DIRECTIONS | Ignoring every picture, return the lines of the listing below word for word, from the line that holds "L'icône de l'application" through the line that holds "Минирование моста в".
====================
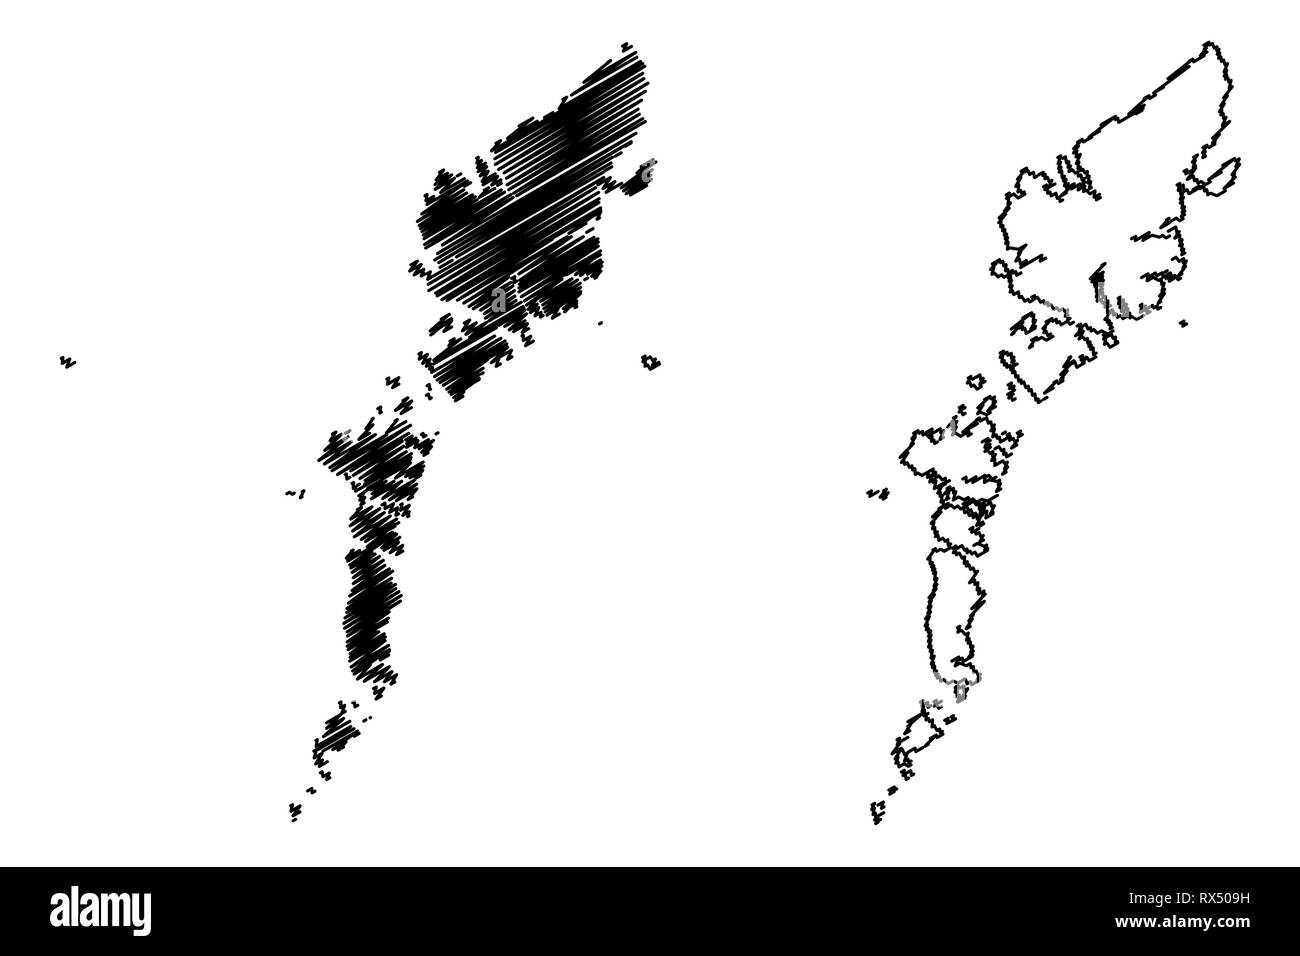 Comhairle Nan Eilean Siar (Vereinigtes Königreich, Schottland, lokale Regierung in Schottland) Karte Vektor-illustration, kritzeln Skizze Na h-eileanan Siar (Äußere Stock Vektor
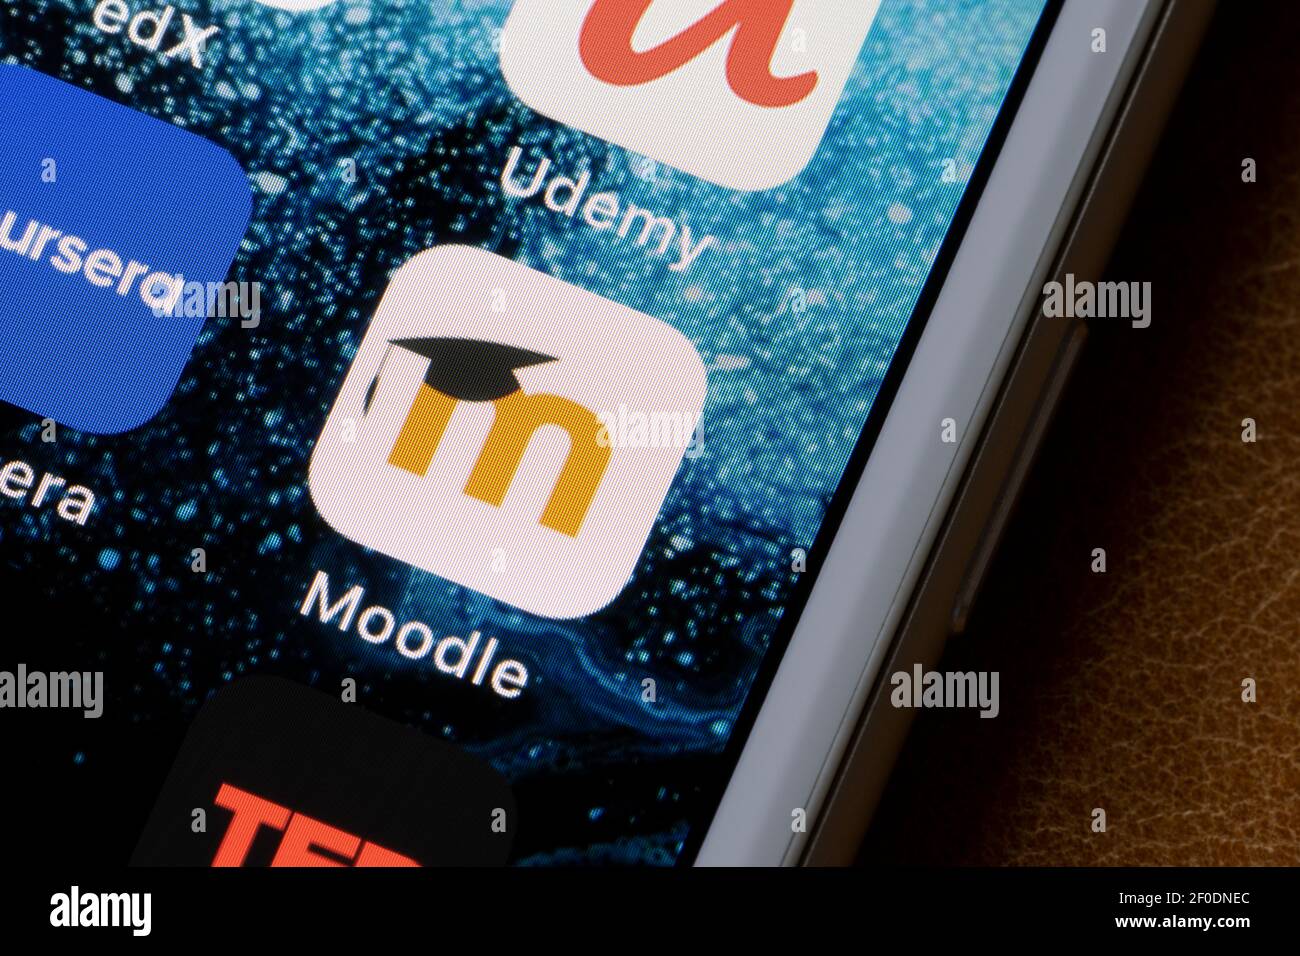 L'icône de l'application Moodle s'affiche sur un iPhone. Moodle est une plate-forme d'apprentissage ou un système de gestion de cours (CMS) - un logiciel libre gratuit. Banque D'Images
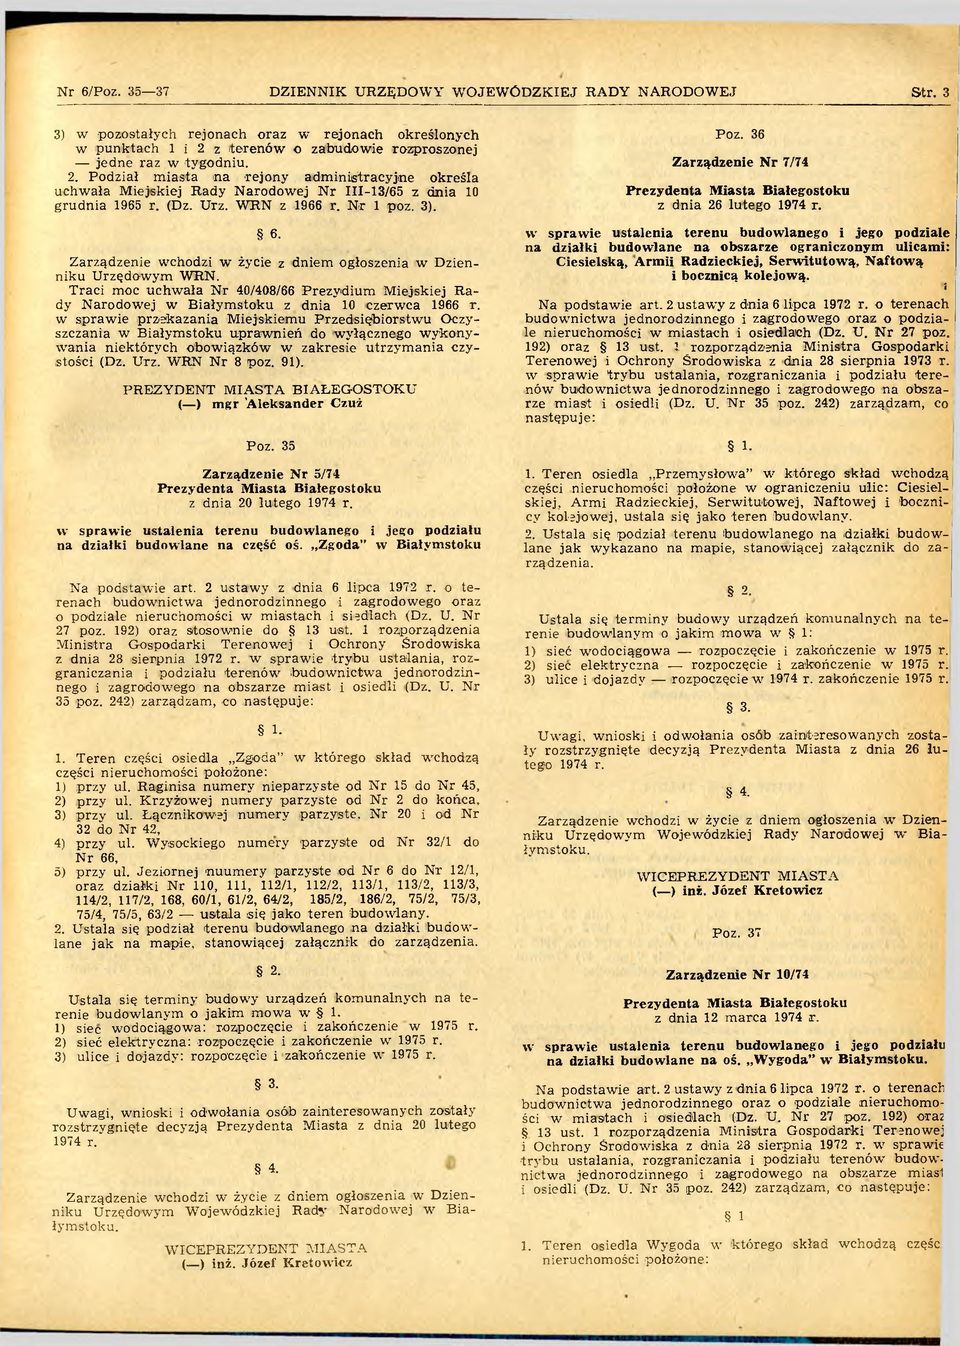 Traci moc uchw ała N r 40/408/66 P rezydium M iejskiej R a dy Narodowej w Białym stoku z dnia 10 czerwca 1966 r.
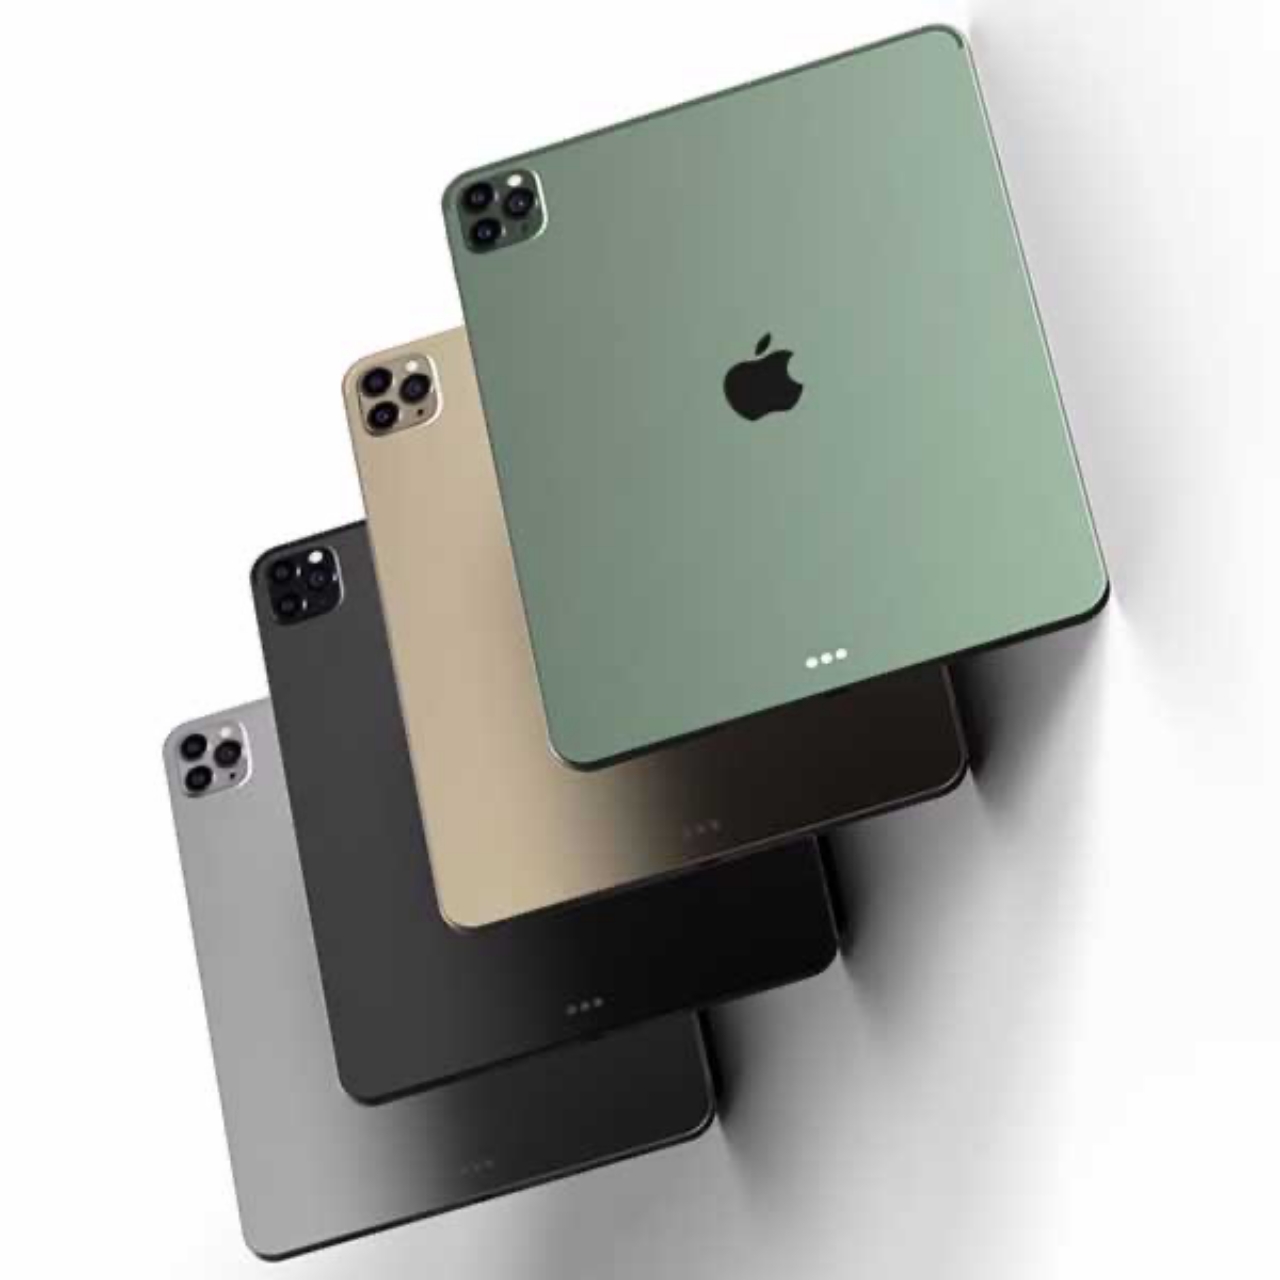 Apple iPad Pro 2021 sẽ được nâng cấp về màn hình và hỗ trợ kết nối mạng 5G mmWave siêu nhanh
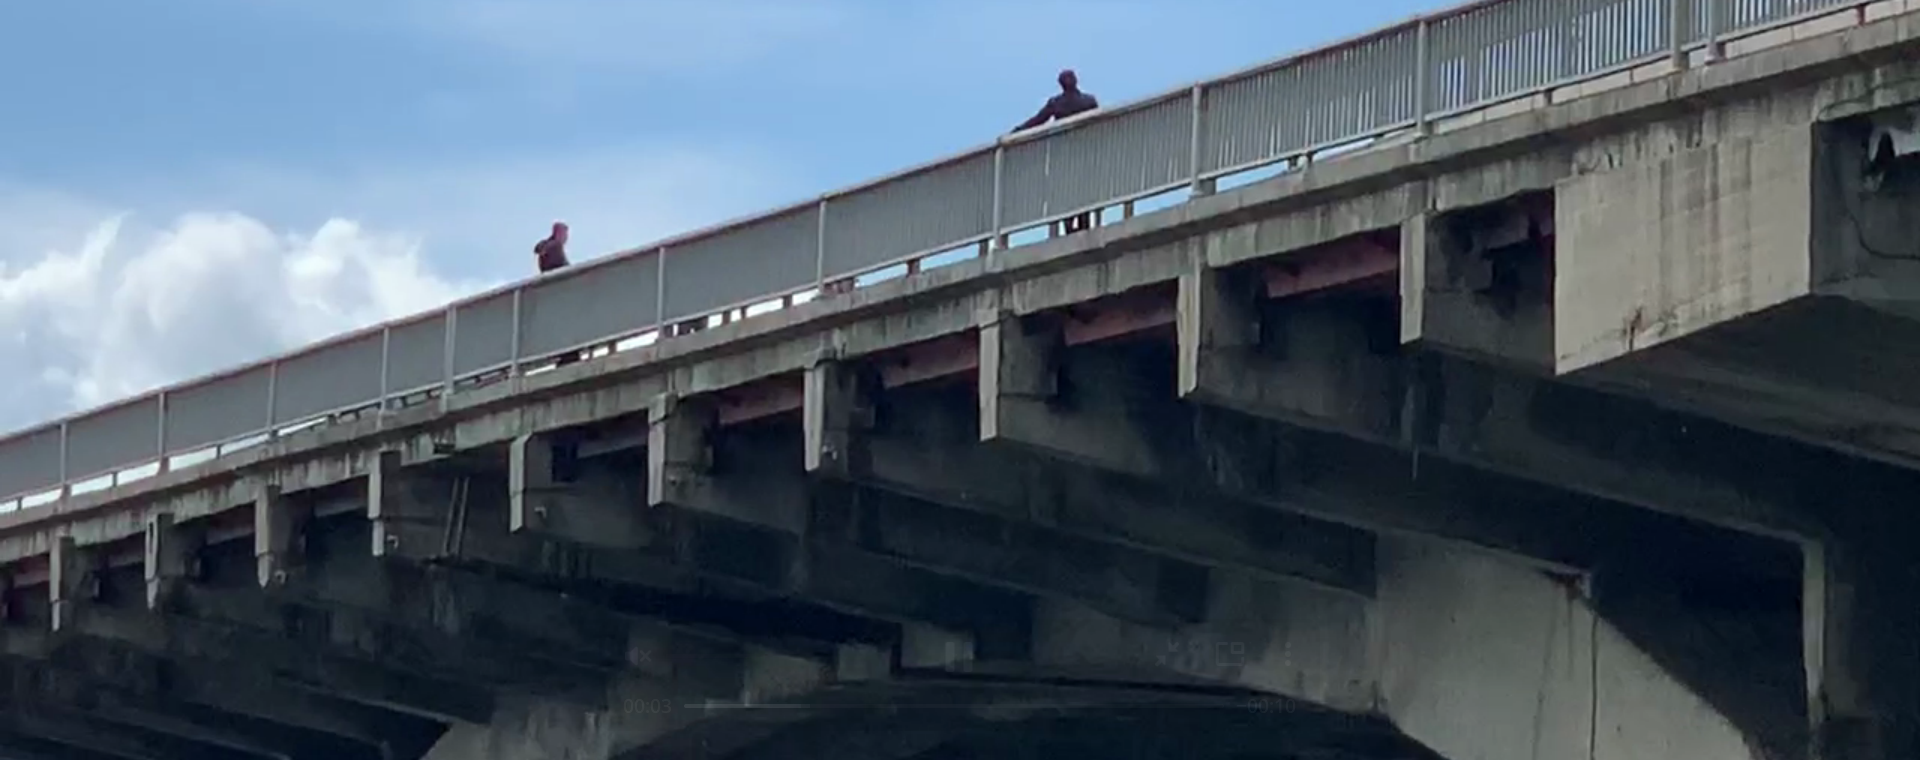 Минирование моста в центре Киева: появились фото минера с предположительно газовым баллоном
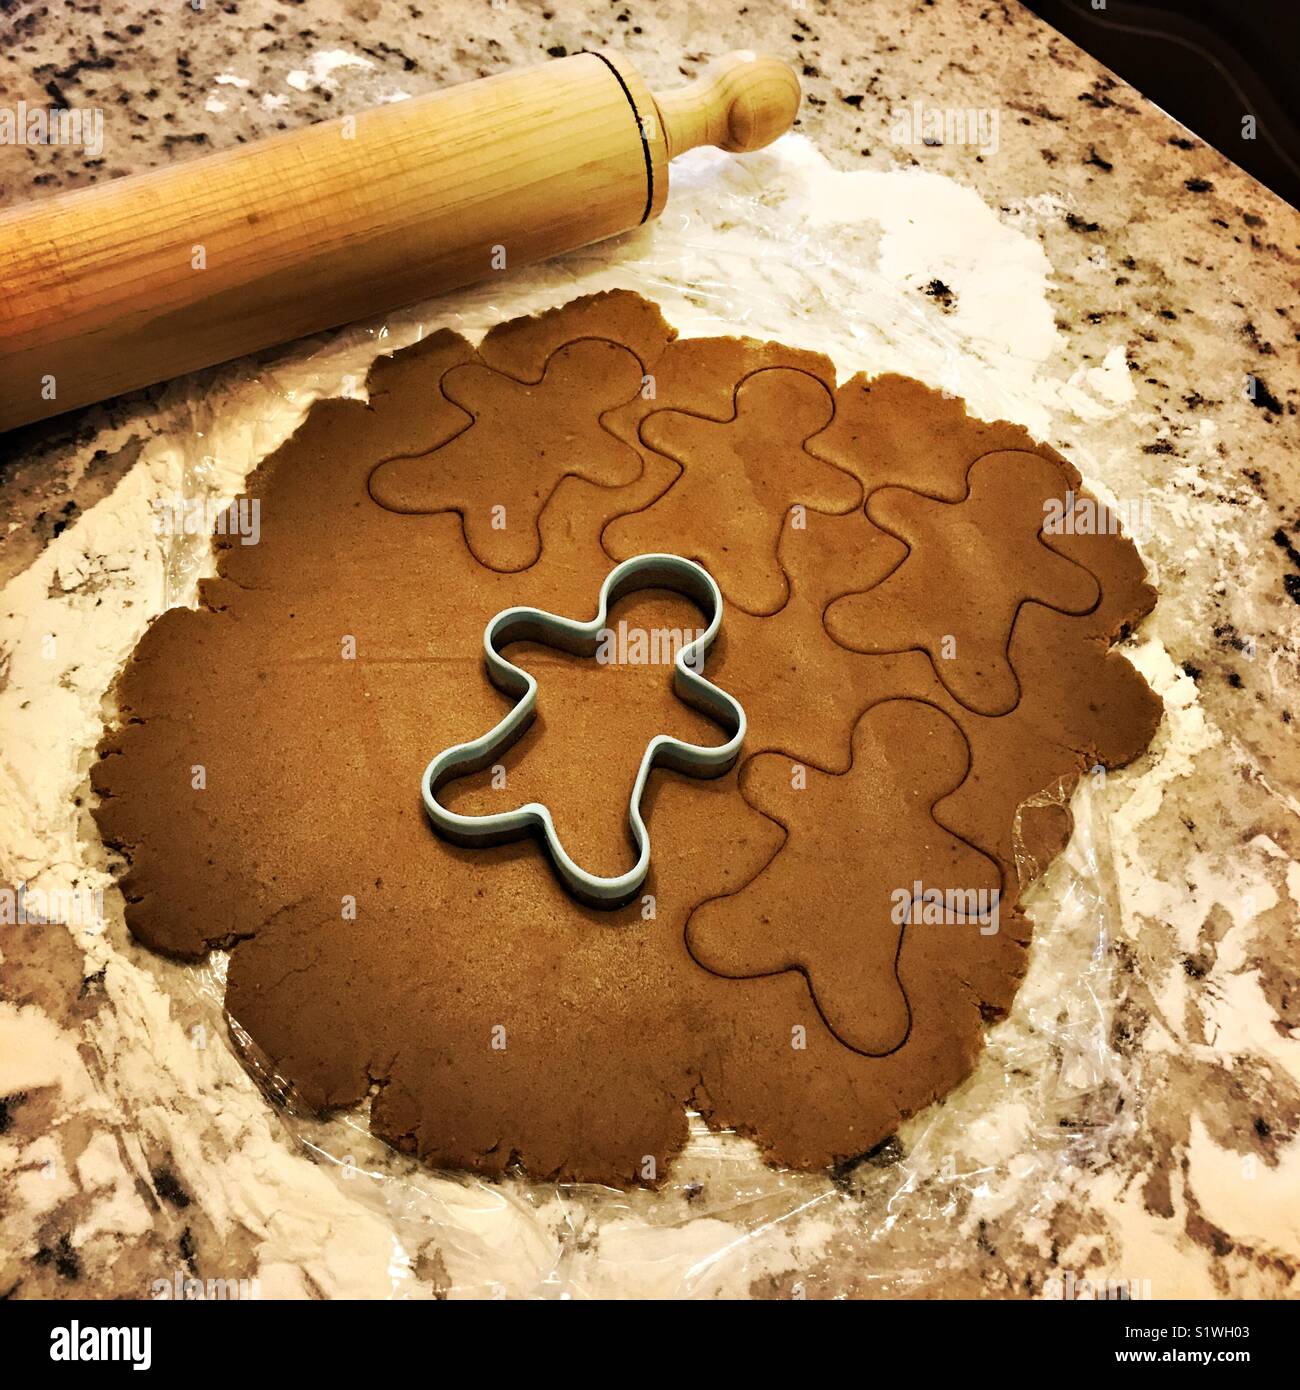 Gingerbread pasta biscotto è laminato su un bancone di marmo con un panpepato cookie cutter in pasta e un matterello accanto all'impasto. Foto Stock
====================
SOLVED PROBLEM |
 L'icône de l'application Moodle s'affiche sur un iPhone. Moodle est une plate-forme d'apprentissage ou un système de gestion de cours (CMS) - un logiciel libre gratuit. Banque D'Images
 Traci moc uchw ała N r 40/408/66 P rezydium M iejskiej R a dy Narodowej w Białym stoku z dnia 10 czerwca 1966 r.
 Apple iPad Pro 2021 sẽ được nâng cấp về màn hình và hỗ trợ kết nối mạng 5G mmWave siêu nhanh
 Минирование моста в центре Киева: появились фото минера с предположительно газовым баллоном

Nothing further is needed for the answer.